▶ Information provided
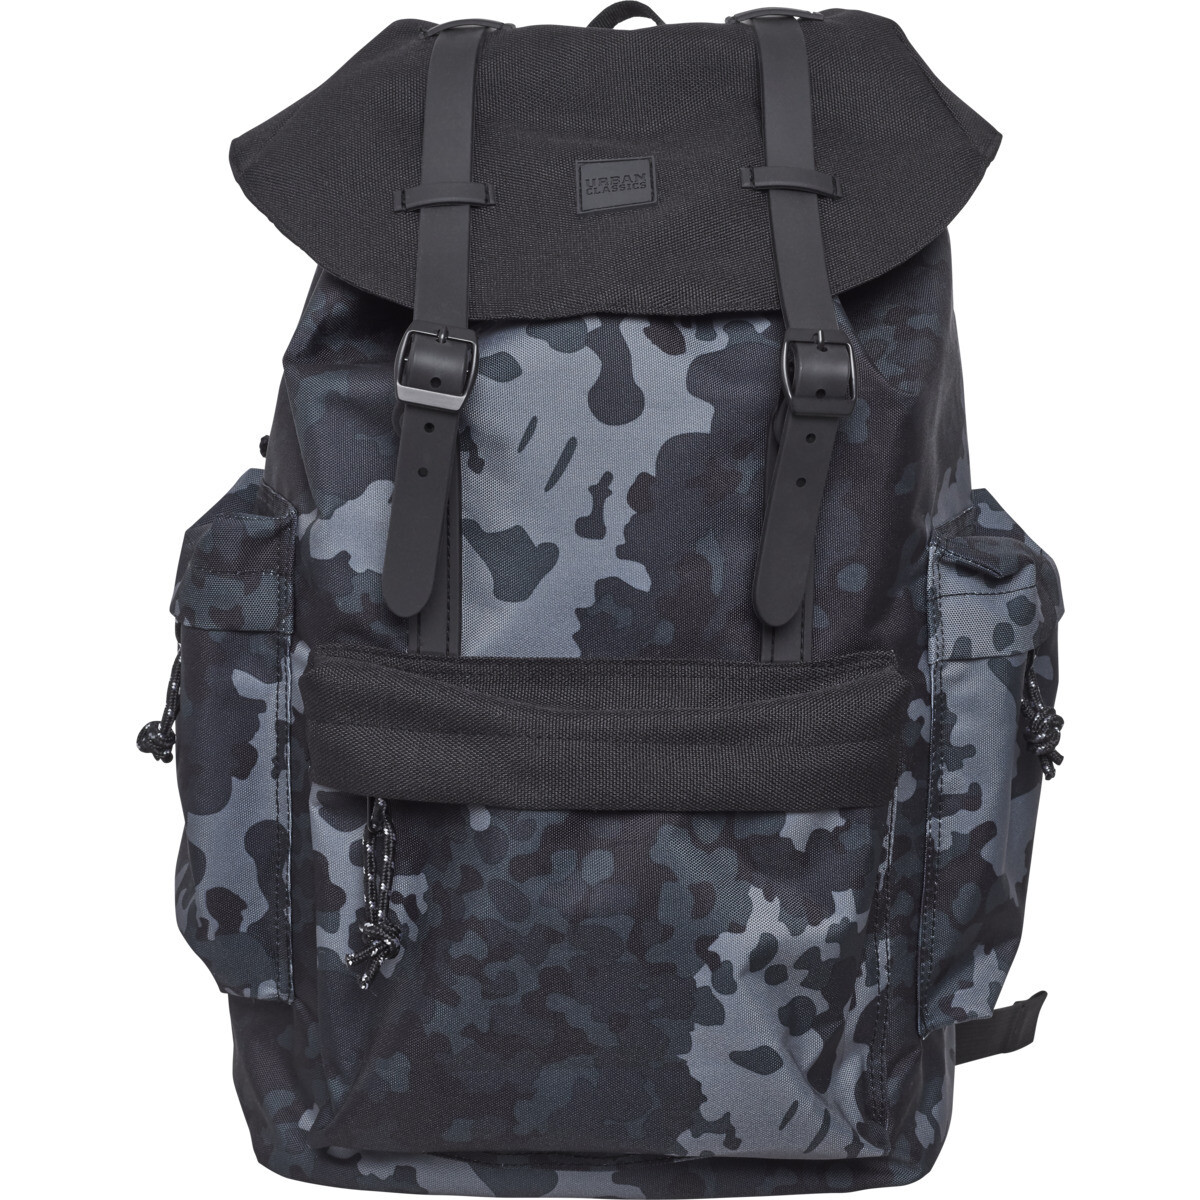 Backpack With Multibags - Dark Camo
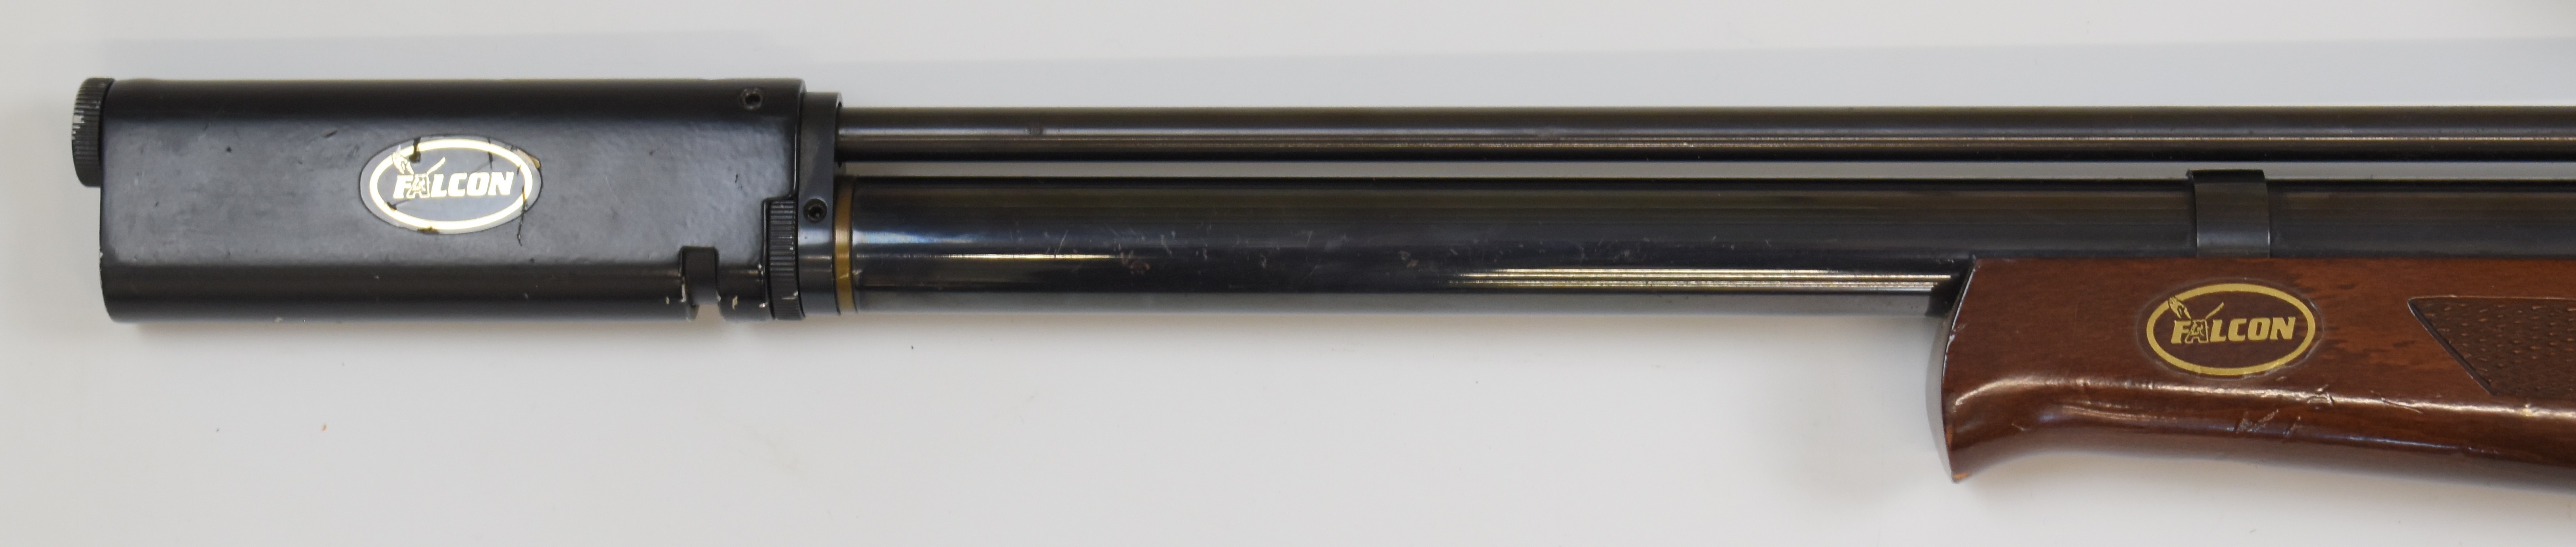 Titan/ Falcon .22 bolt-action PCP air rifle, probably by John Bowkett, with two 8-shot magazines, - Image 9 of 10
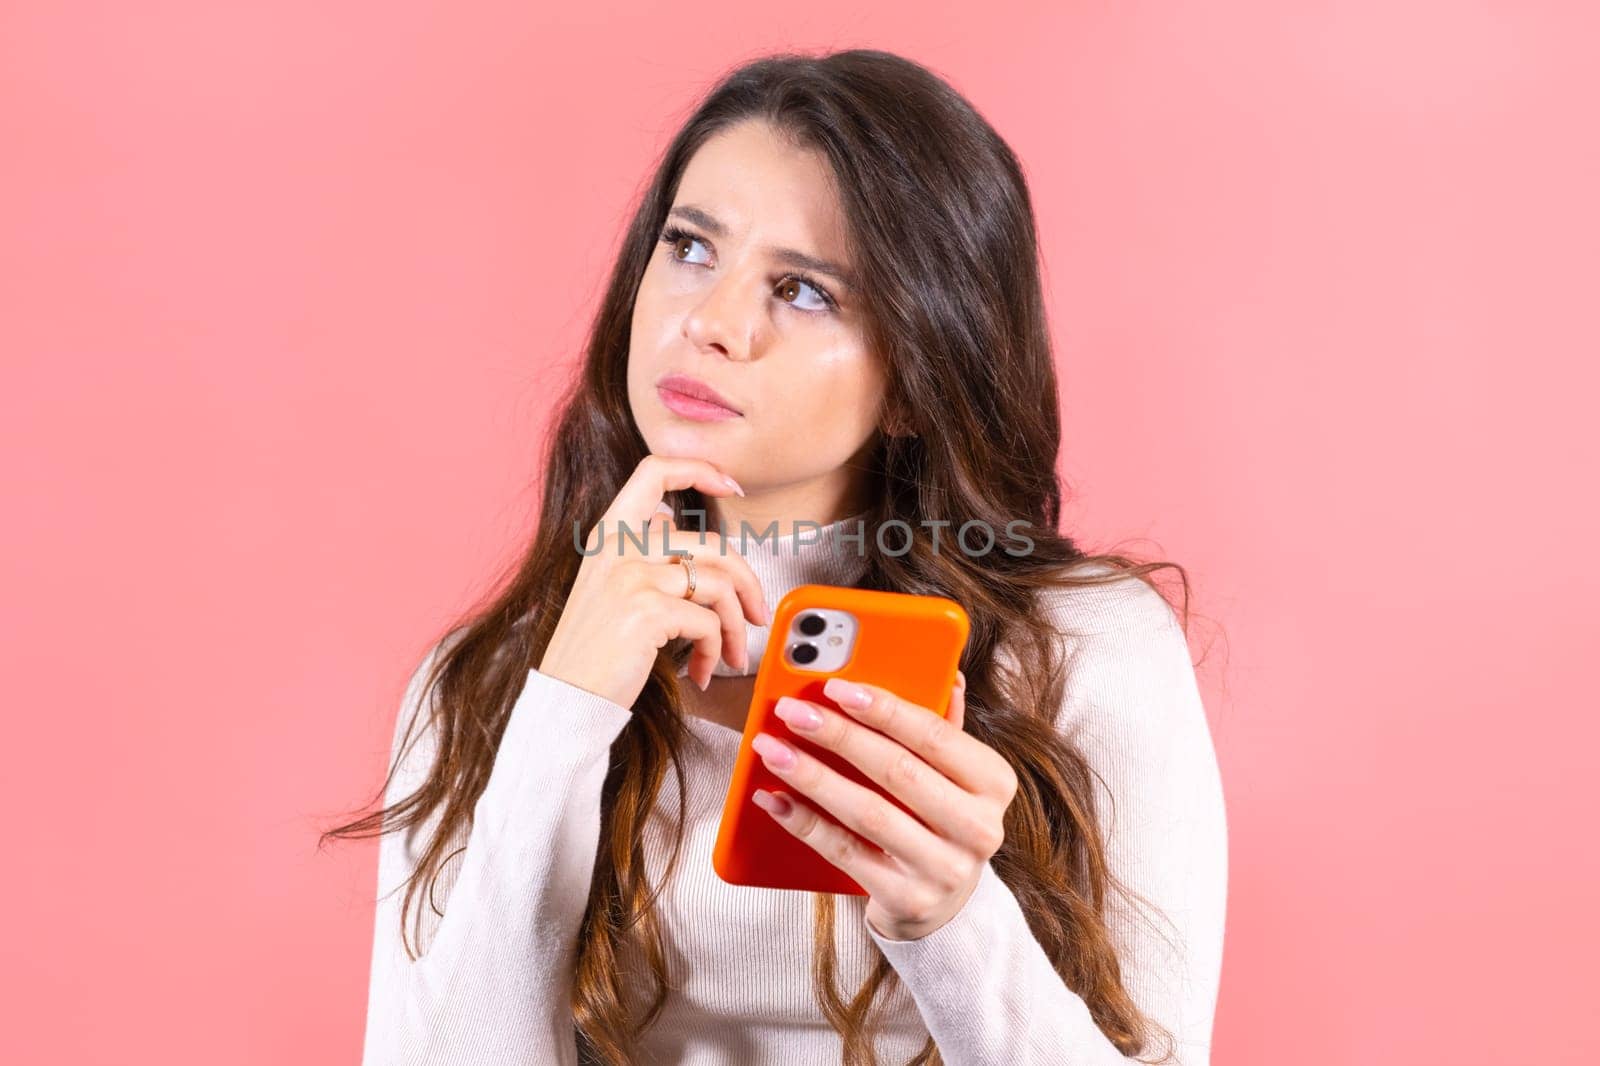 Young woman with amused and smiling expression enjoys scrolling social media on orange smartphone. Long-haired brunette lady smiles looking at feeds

▶ Task requirements
Output each line of the listing above, word for word, from the one holding "Titan/ Falcon .22" through the last line, both included; omit the pictures.

▶ Finished exercise
 Titan/ Falcon .22 bolt-action PCP air rifle, probably by John Bowkett, with two 8-shot magazines, - Image 9 of 10
 Young woman with amused and smiling expression enjoys scrolling social media on orange smartphone. Long-haired brunette lady smiles looking at feeds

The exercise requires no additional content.